◆ What the task asks:
Nothing but the pictures is dropped; write out all the remaining data below exactly.

◆ Record extracts:
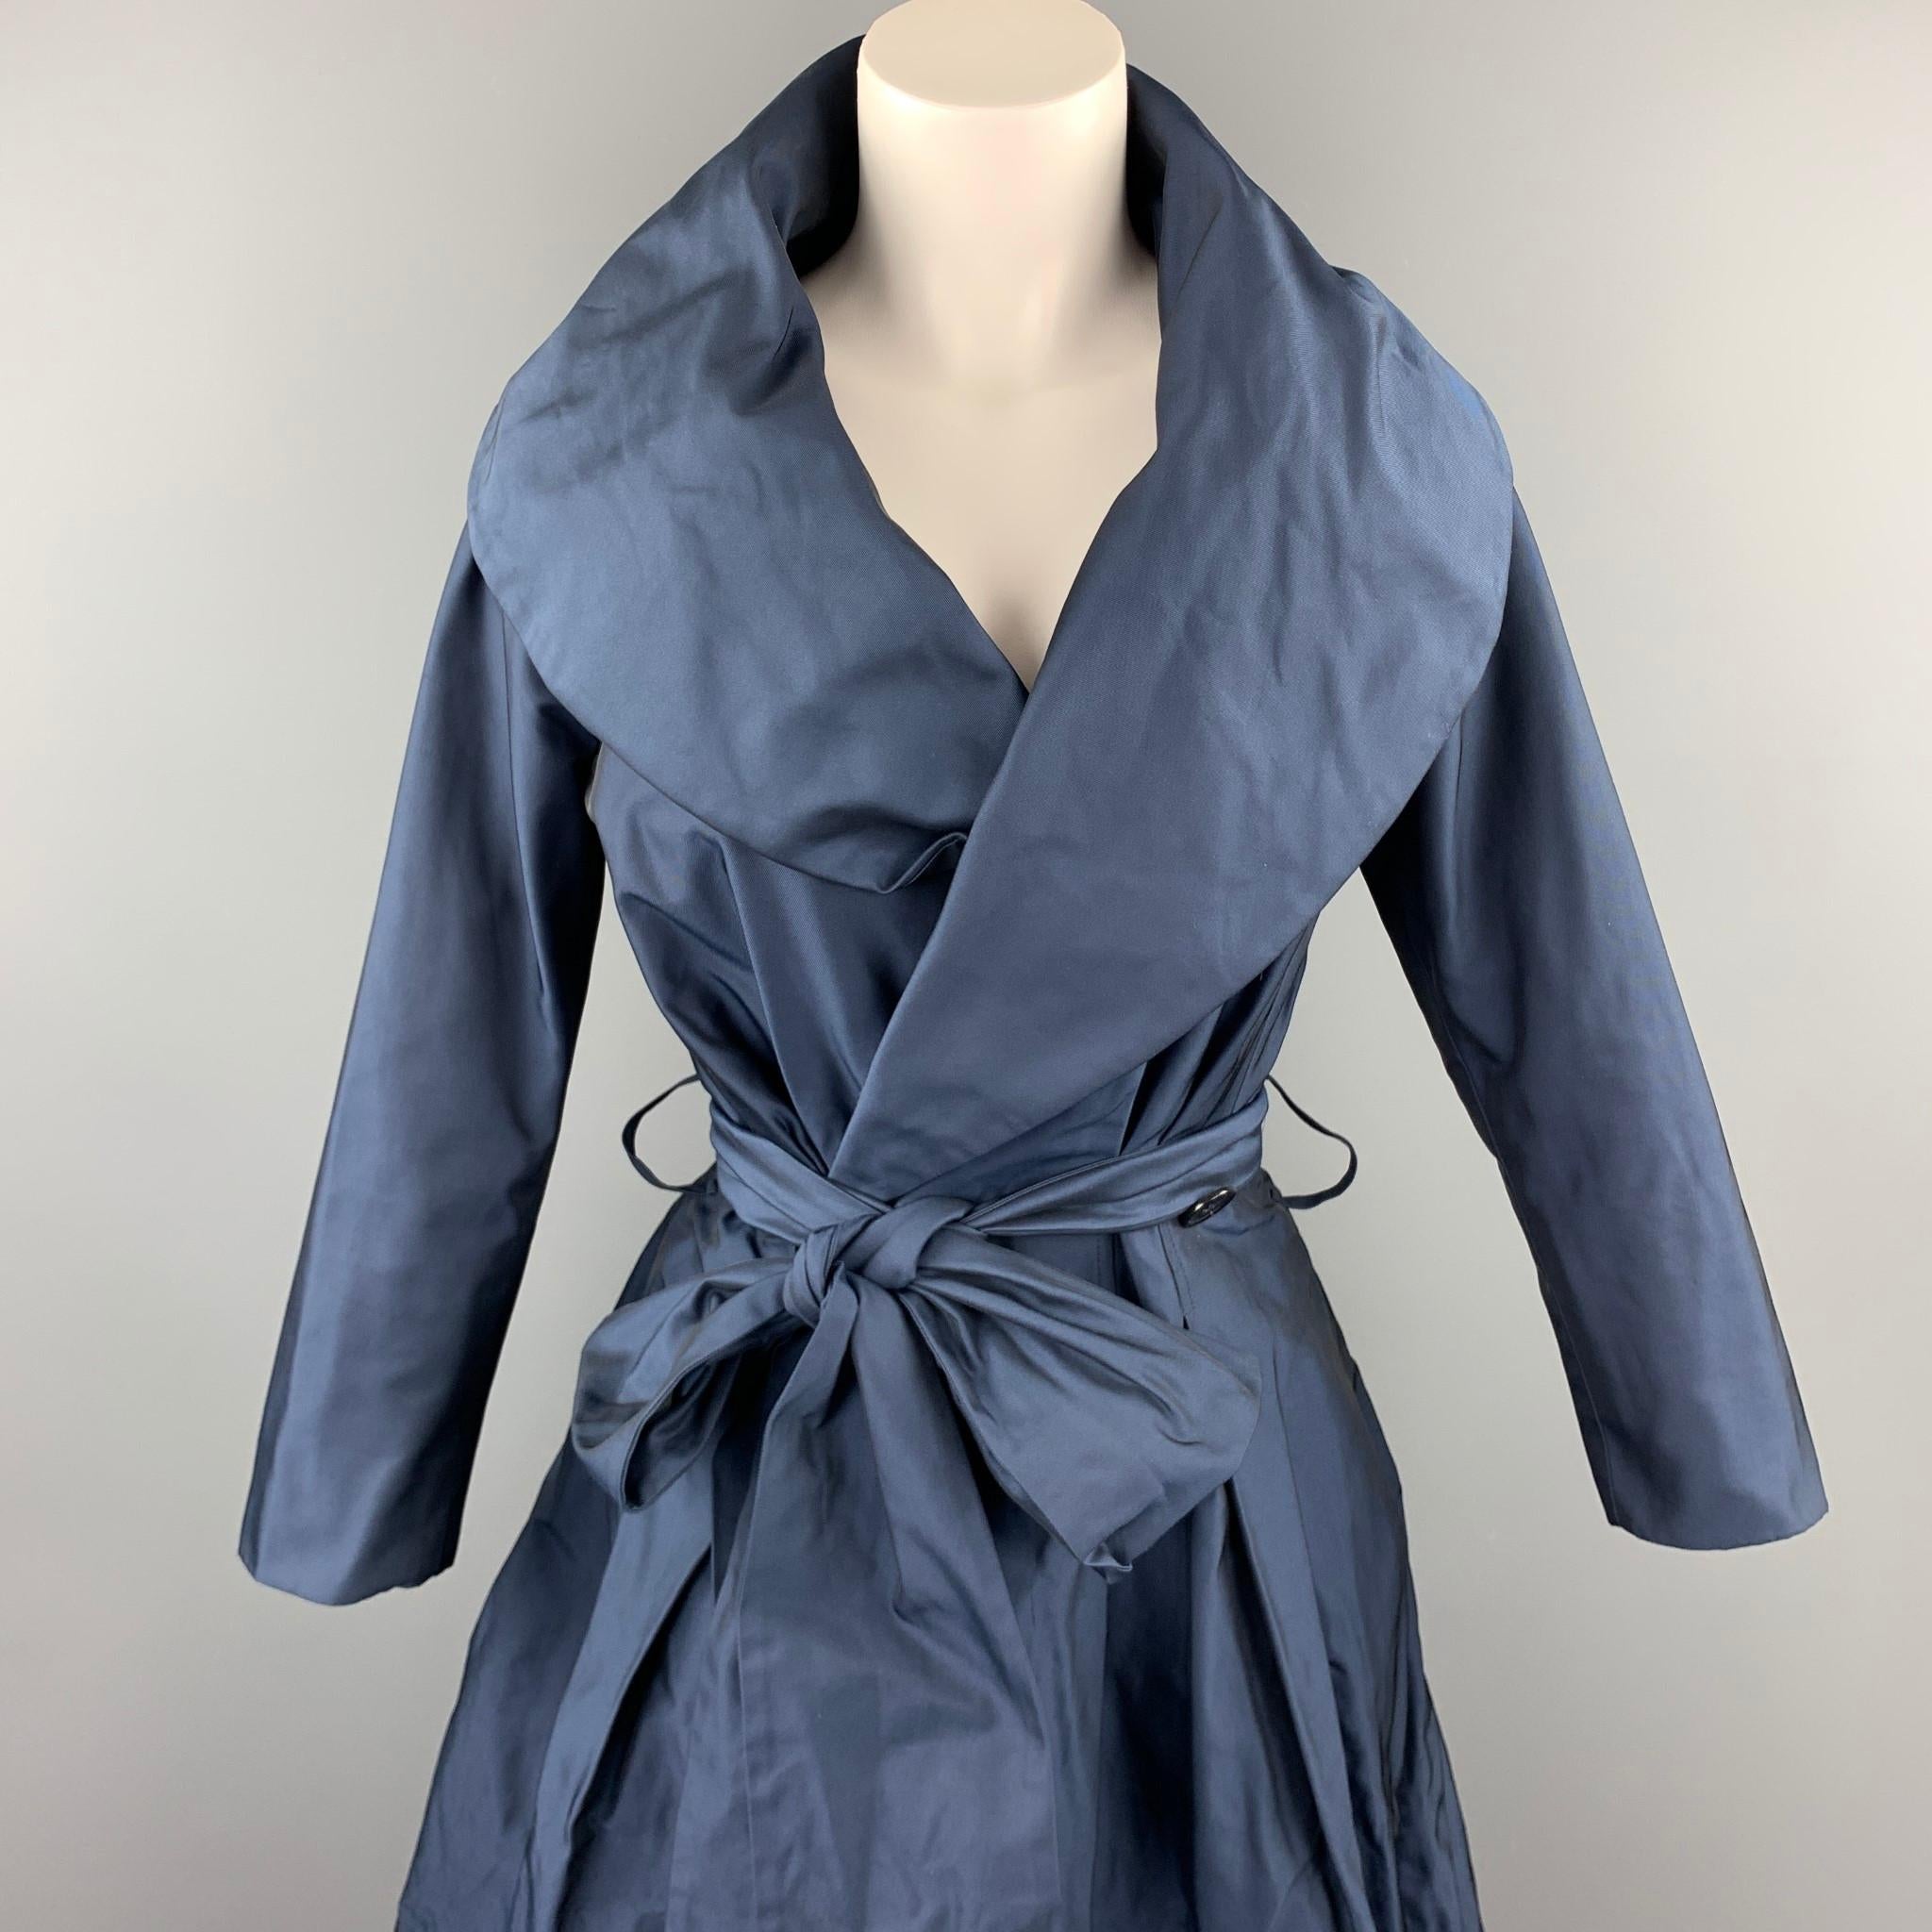 PAUW coat comes in a navy polyester featuring a shawl collar, belted, and a buttoned closure.

Good Pre-Owned Condition.
Marked: 0

Measurements:

Shoulder: 14.5 in. 
Bust: 34 in. 
Sleeve: 20 in. 
Length: 39 in.

◆ Solution to this problem:
 PAUW coat comes in a navy polyester featuring a shawl collar, belted, and a buttoned closure.

Good Pre-Owned Condition.
Marked: 0

Measurements:

Shoulder: 14.5 in. 
Bust: 34 in. 
Sleeve: 20 in. 
Length: 39 in.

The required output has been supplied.